Можжевеловый дым скоро одурманил Матрёну. Она отупела от пронзительного визга шаманки. Последнее, что увидела, — взлёт куколки Ен.

Идолка кувыркалась в белёсом осеннем небе с розовой натруской заката. Замедленно, в угасающем сознании Матрёны, будто палый лист, снижалась куколка на виду у дальних заречных лесов, песчаных островов Ваги.

А того, как шаманка кинула чёрную дочку Омоля в огонь, Матрёне видеть уже не довелось. Девочка повалилась бесчувственная.

Открыла глаза — ей в лицо тычут чем-то холодным. Тут бы Матрёне впору и опять в обморок унырнуть: собачьей мордой возили по её лицу, мёртвой отрубленной головой.

Она отбивалась, а угорские бабы добротворно наседали, гвалтили.

17

Поехали дальше, вон из чумной Игны, туда, «где смерти нет». Да недалеко уехали. В конце деревни поперёк хода лежала дюжина срубленых деревьев. Вал неодолимый.

И с крыльца ближайшей избы стрелец грозил бердышом.

Кричал служивый, мол, дальше путь закрыт.

А если ночевать негде, так из какой избы покойников перетаскаете в скудельницу, в той и живите.

Они поворотили.

— Ну, девка, выбирай хоромы!

Перед ними проплывали незатейливые избёнки и землянки.

Вожжи натянул Прозор у постоялого двора, судя по воротам с замком.

В избе дворника (хозяина постоялого двора) догнивало всё его семейство. Вонь спёртая — ни дохнуть, будто под воду нырнул.

Ближнего к порогу покойника Прозор забагрил за одёжу и поволок.

Матрёне тоже дело потребовалось.

— Давайте, что ли, лепёшек я вам напеку, дяденька.

— Лепёшки пеки, а меня дяденькой не смей кликать. Какой я тебе дяденька? Я хозяин твой. Мужик. Зови Прозор Петрович.

— Вы, Прозор Петрович, только огонёк мне разожгите.

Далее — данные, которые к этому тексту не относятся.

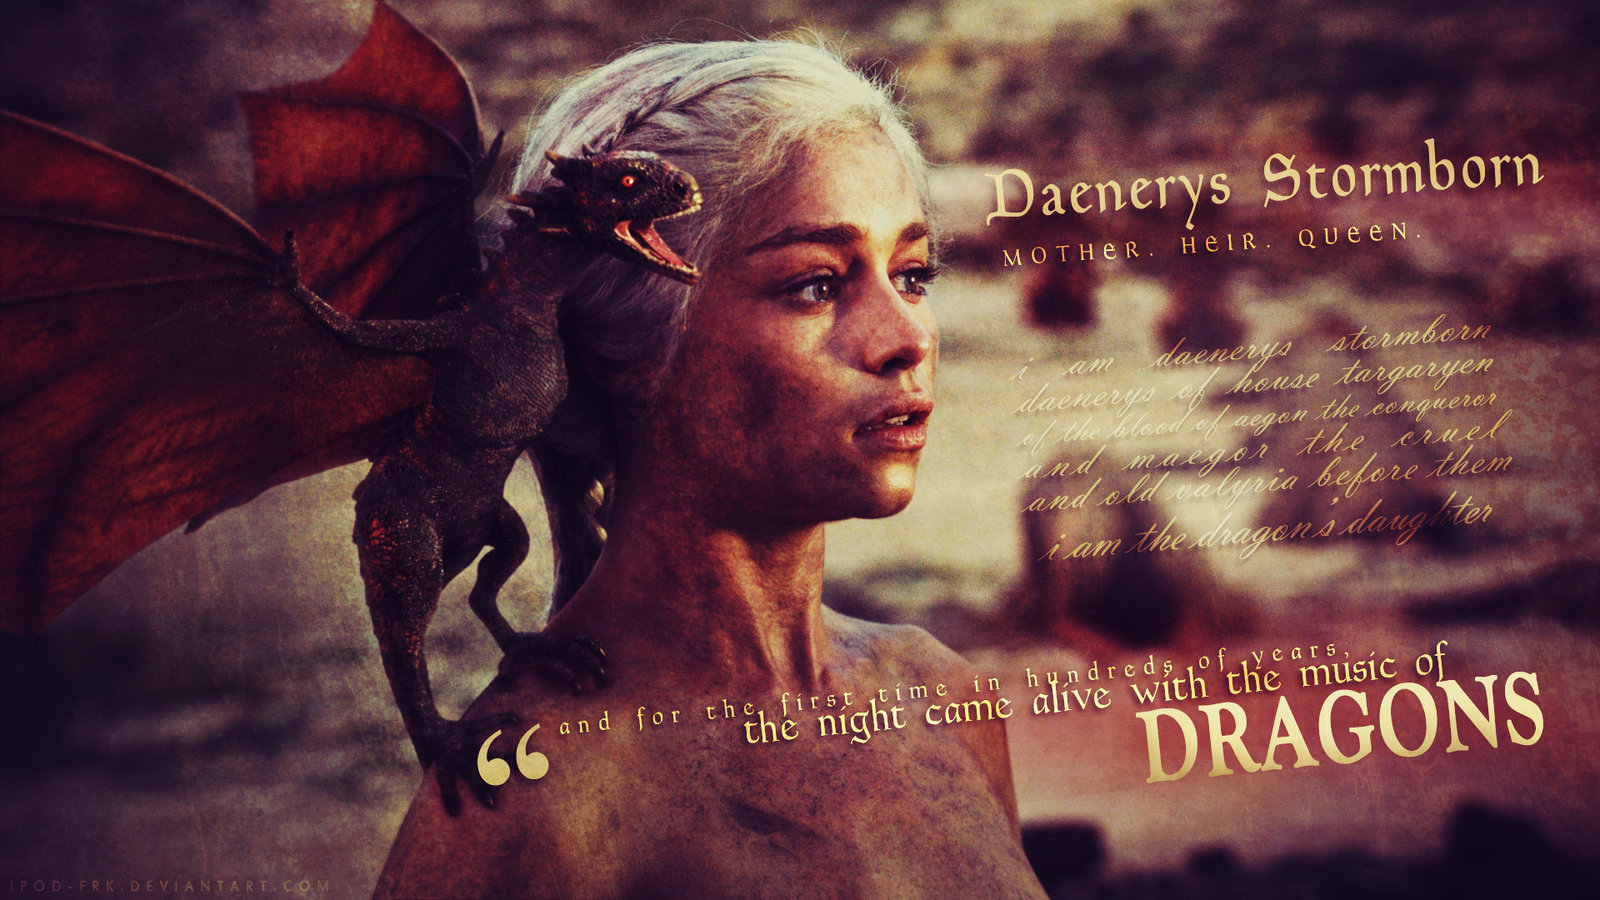 Game Of Thrones, Daenerys Targaryen. Daenerys targaryen wallpaper, Daenerys targaryen, Game of throne daenerys

И пока «дяденька» тягал в яму за деревней тела гиблых хозяев, Матрёна в очажке, на железной лопате, настряпала хрустящих колобков.

Прежде чем сесть во дворе за ужин, бывший подьячий затопил печь в опустошённой избе.

А дымник заткнул.

И дверь затворил.

Чтобы в жилье угаром нечисть заморить.

18

На жердь у коновязи с коваными кольцами Прозор накидал сукна и веретья. Под образовавшийся кров натолкал свежего сена — покойный хозяин заготовил корму в загад, на долгую зимовку, земля ему пухом! И было объявлено Матрёне, что тут, в шалаше, жить им до тех пор, пока в избе вся зараза не заколеет.

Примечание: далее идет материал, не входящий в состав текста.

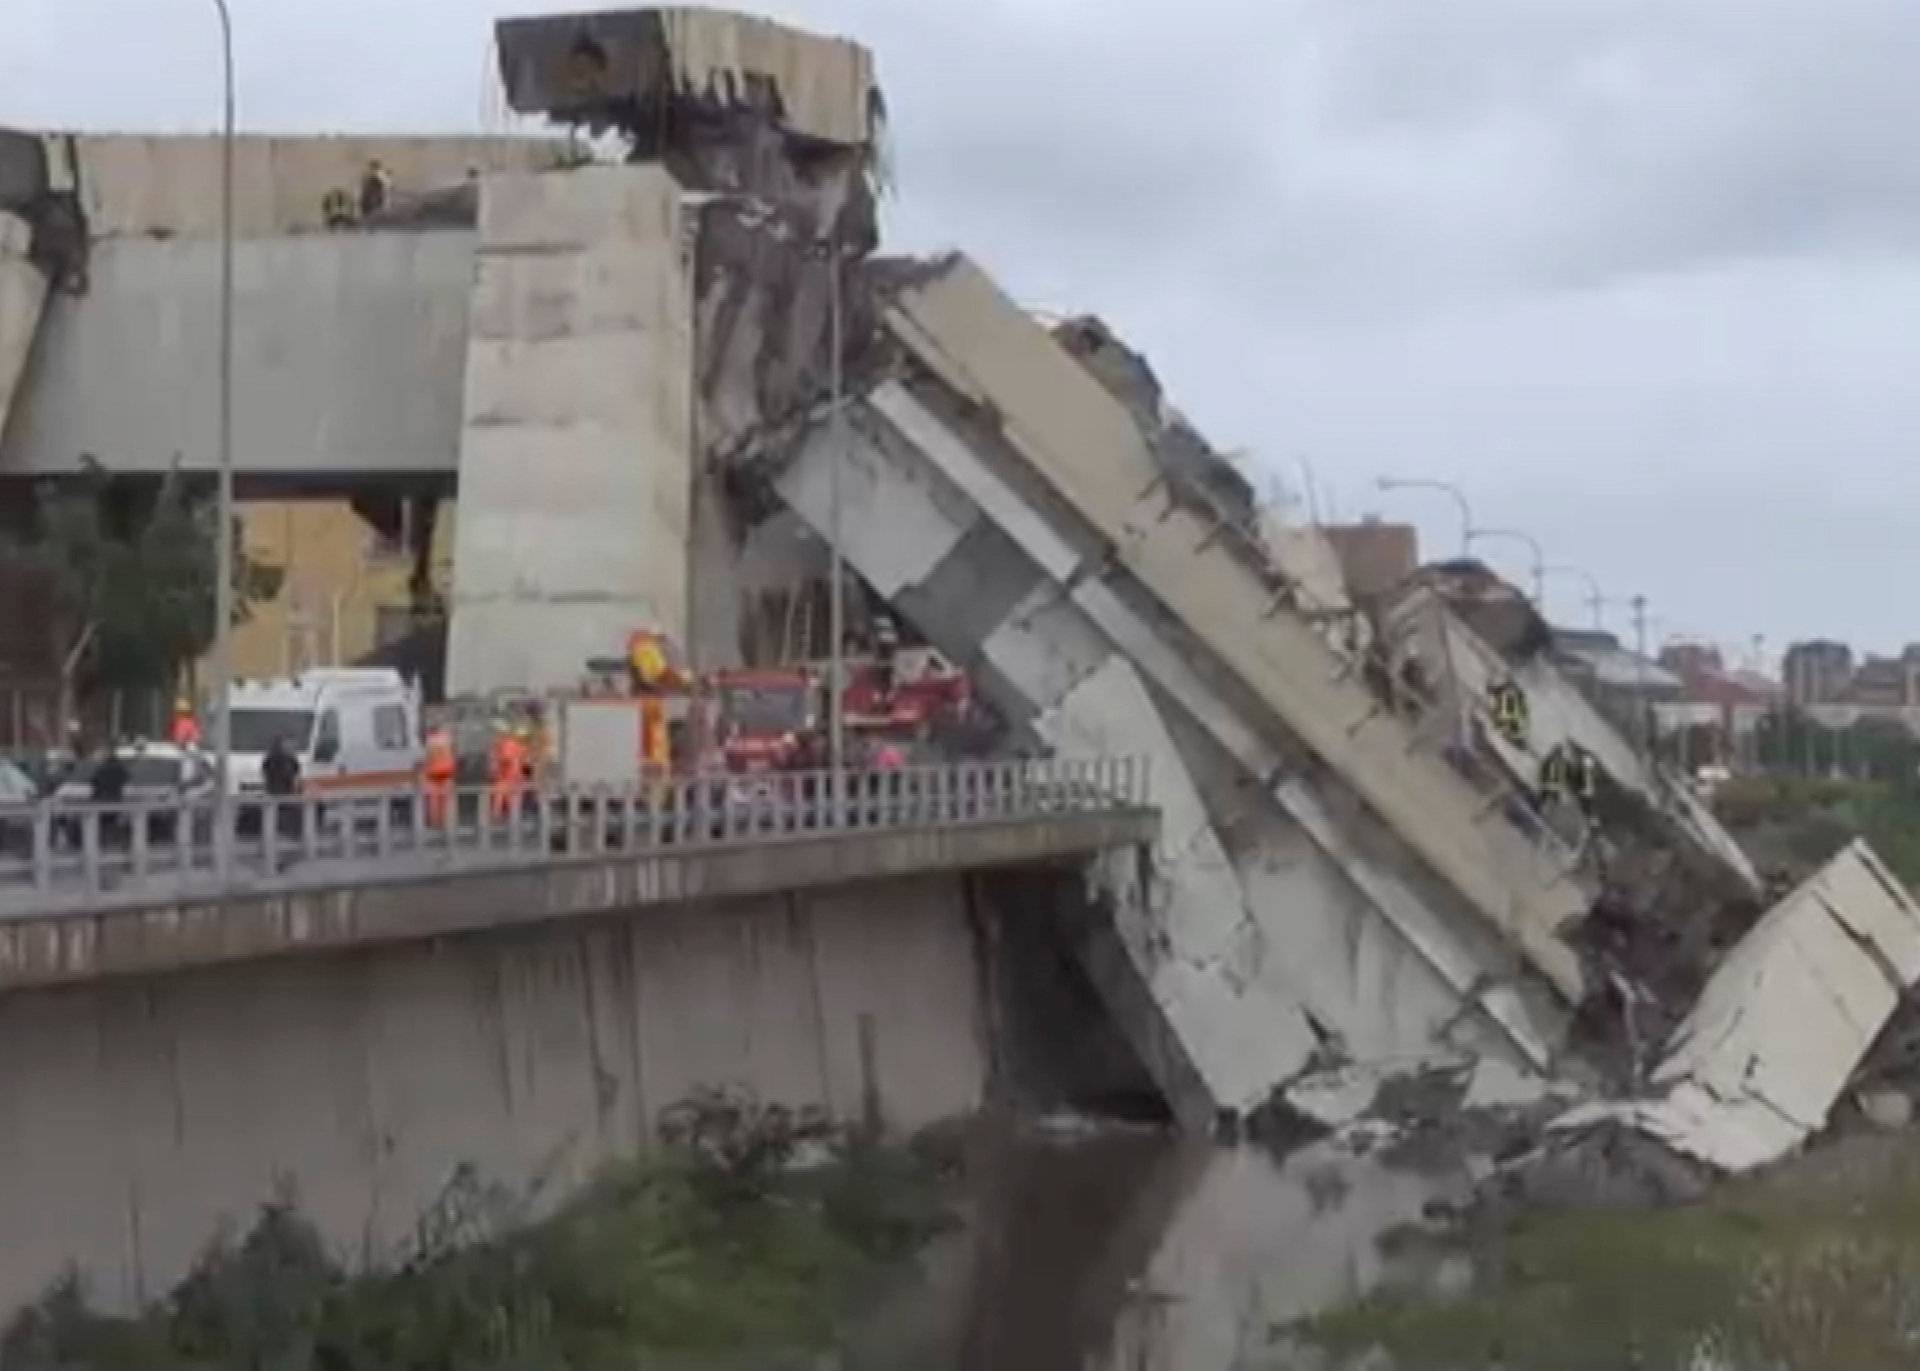 Rescue workers are seen at the collapsed Morandi Bridge in the Italian port city of Genoa

А в самом верху, в небе, малиново светил летний остаточный жар.

Ниже, в холодке, краски сгущались.

Цвета настаивались.

Осадок по горизонту разливался лимонно-жёлтый — к заморозку.

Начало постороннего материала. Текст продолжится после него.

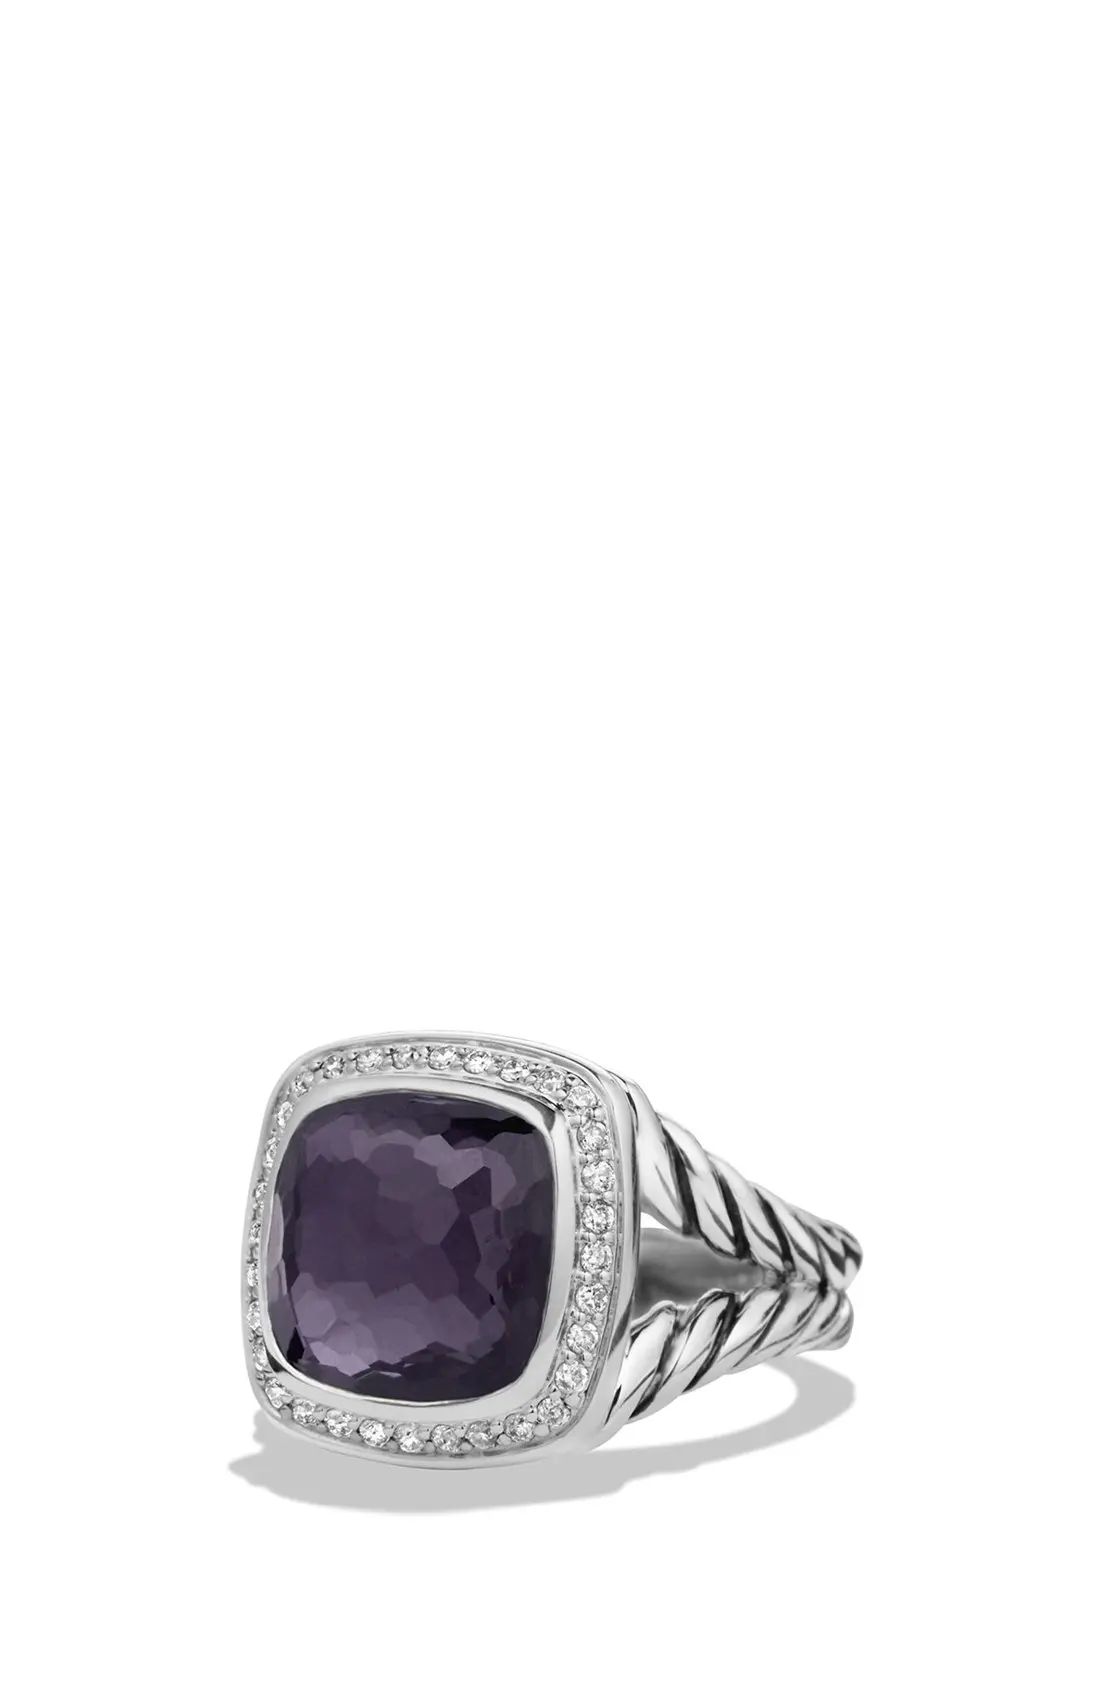 David Yurman 'Albion' Ring with Semiprecious Stone and Diamonds | Nordstrom

— Лепёхи знатные! — молвил Прозор и полез на сено.

В раскрыве полога увидел: Матрёна остаток своего хлебца подаёт кобыле.

Услышал:

— Как звать-то её, Прозор Петрович?

— Улита, — ответил он неожиданно осипшим голосом.

Он увидел, как в свете заката ощеренная морда кобылы потянулась к хлебному куску, мясистая губа схлопнула гостинец и лошадиная голова закачалась благодарно.

И эта тонкая девичья «рука кормящая» в тревожном свете костра, в сиротском одиночестве, в обвале чёрного мора вдруг странным образом смутила Прозора.

Опять его раздвоенные глаза беспокойно забегали по углам палатки. И стало потряхивать мужика, будто в ознобе.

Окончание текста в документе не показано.